Le traitement combiné anti-VIH est un modèle de réussite, ce que l’on ne saurait assez souligner. Il est efficace, bien toléré, facile à prendre et accessible, en Europe de l’Ouest, à tous les patients à un coût raisonnable. L’espérance de vie des patients VIH est presque la même que celle des sujets sains. Ce traitement est de plus, pour tous, un instrument de prévention très efficace. À ce niveau de résultat très élevé, des améliorations sont-elles encore possibles?

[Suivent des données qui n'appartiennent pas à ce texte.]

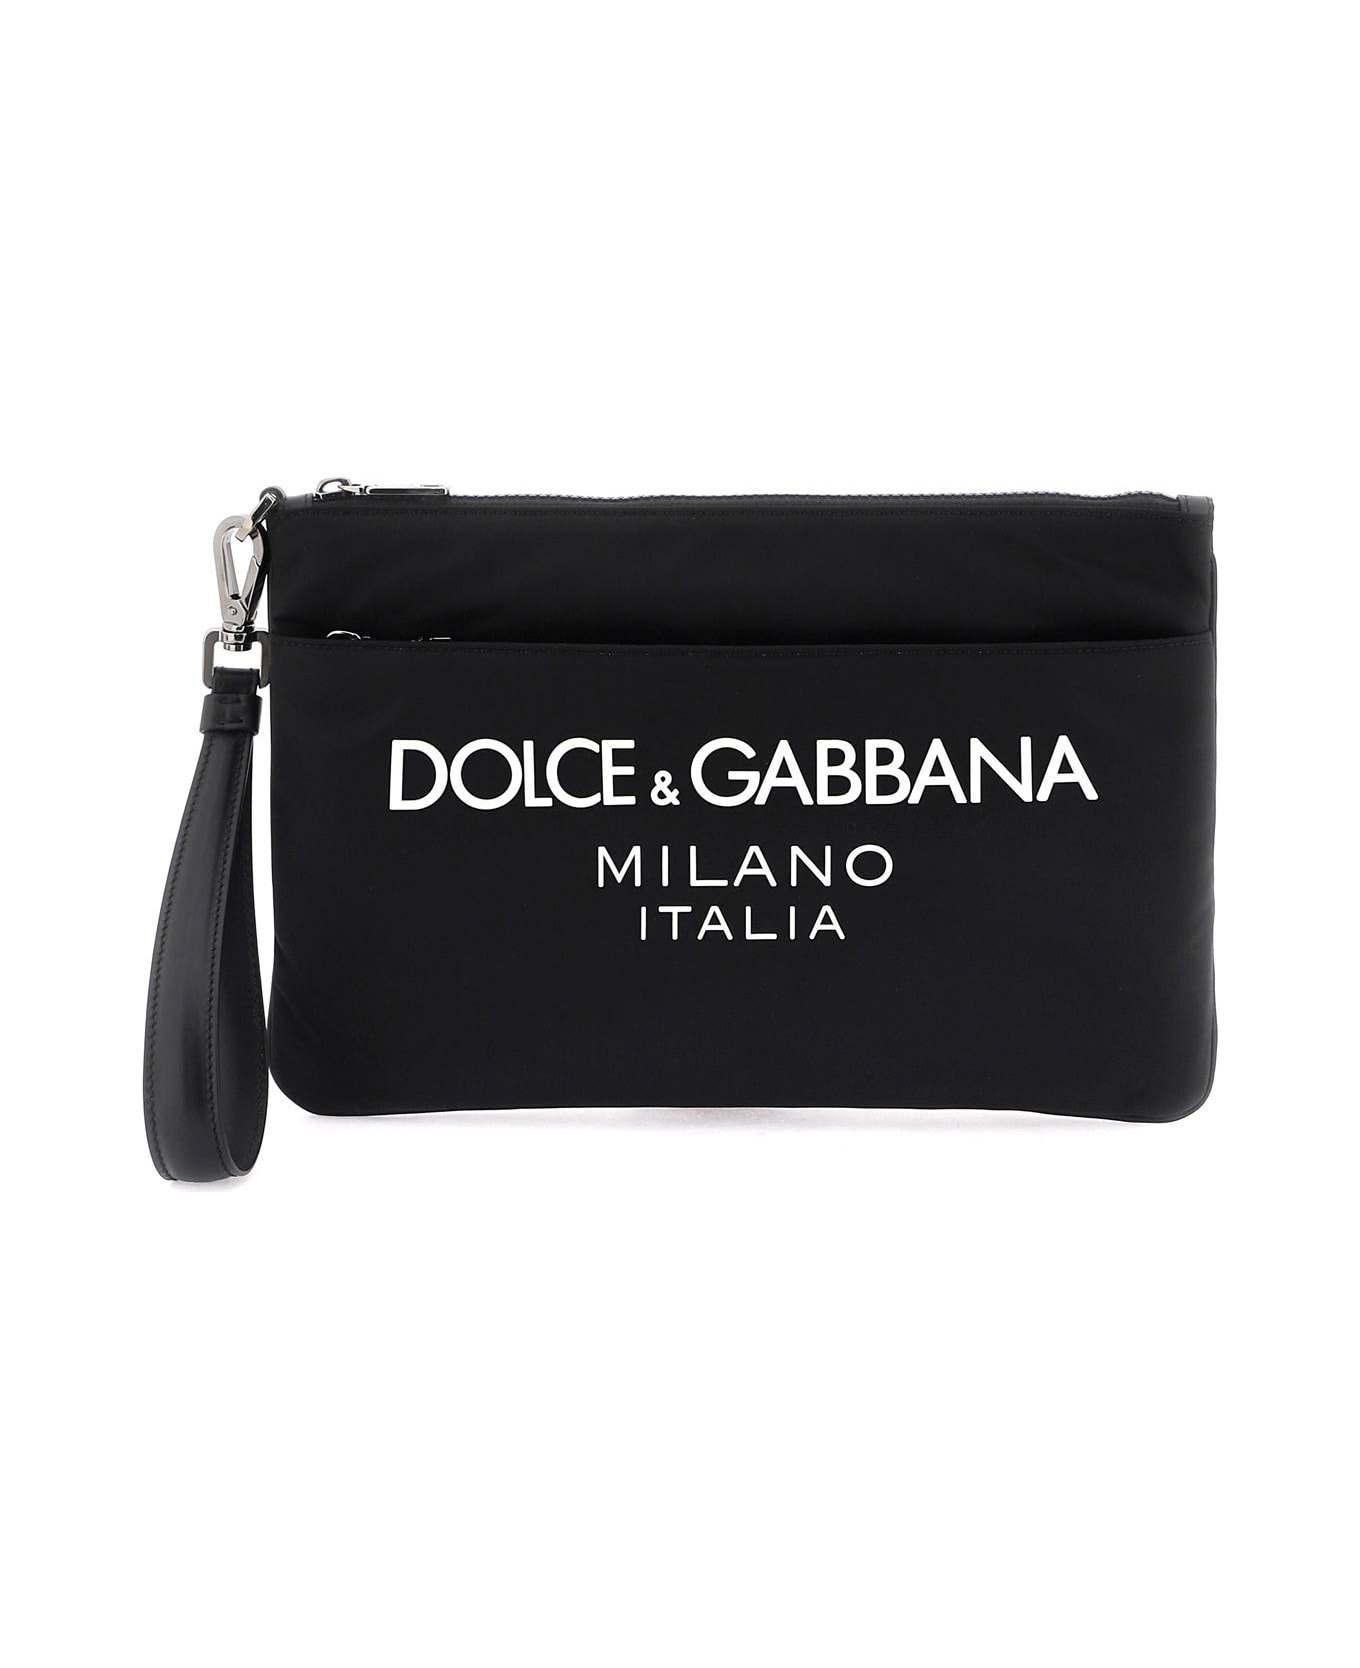 Dolce & Gabbana Beauty Case - Nero/nero バッグ
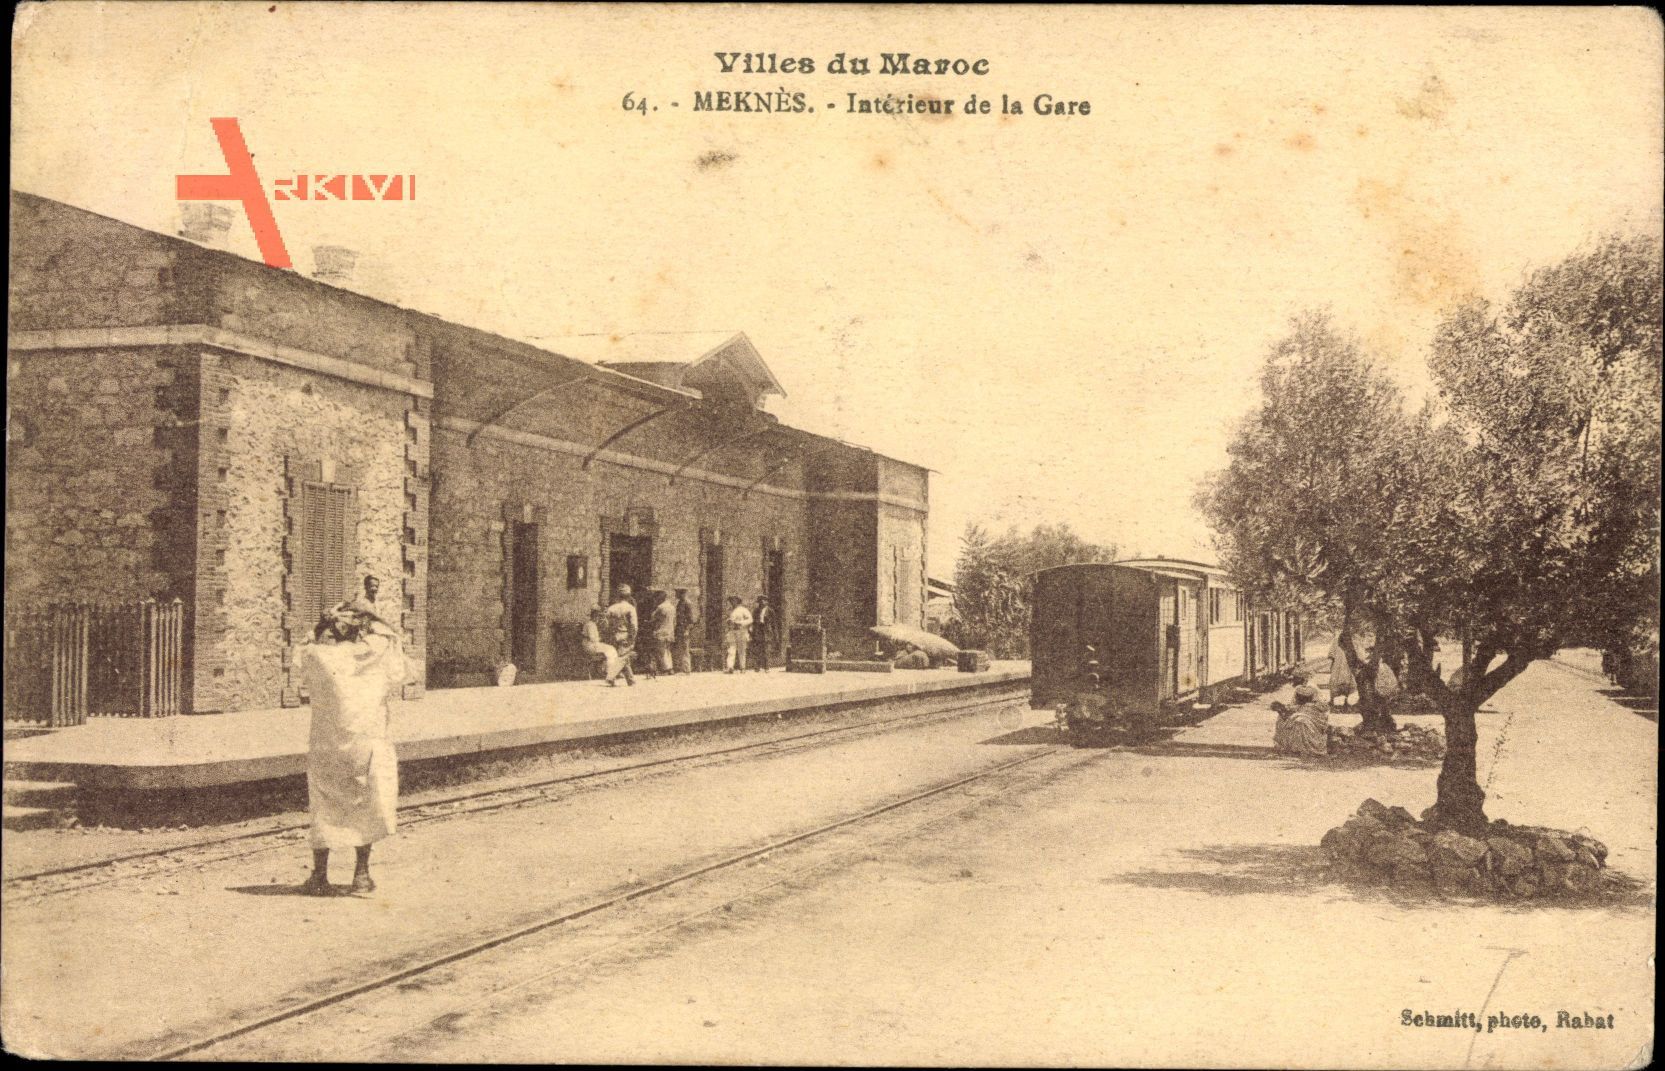 Meknès Marokko, Interieur de la Gare, Blick auf den Bahnhof, Gleisseite

Roy Gulick du Weill Cornell Medical College de New York s’est posé la question: le niveau de réussite est très élevé, et le mieux est l’ennemi du bien. S’agit-il de 29 ou 30 médicaments autorisés, dans 5 ou 6 classes fonctionnelles? On cite les deux chiffres et tous deux sont justes. En Europe, seuls quelques patients ont encore besoin de l’inhibiteur de fusion T-20. Cette substance coûteuse était, il y a dix ans, d’une importance vitale pour nombre de patients présentant des résistances multiples, sa place est aujourd’hui marginale.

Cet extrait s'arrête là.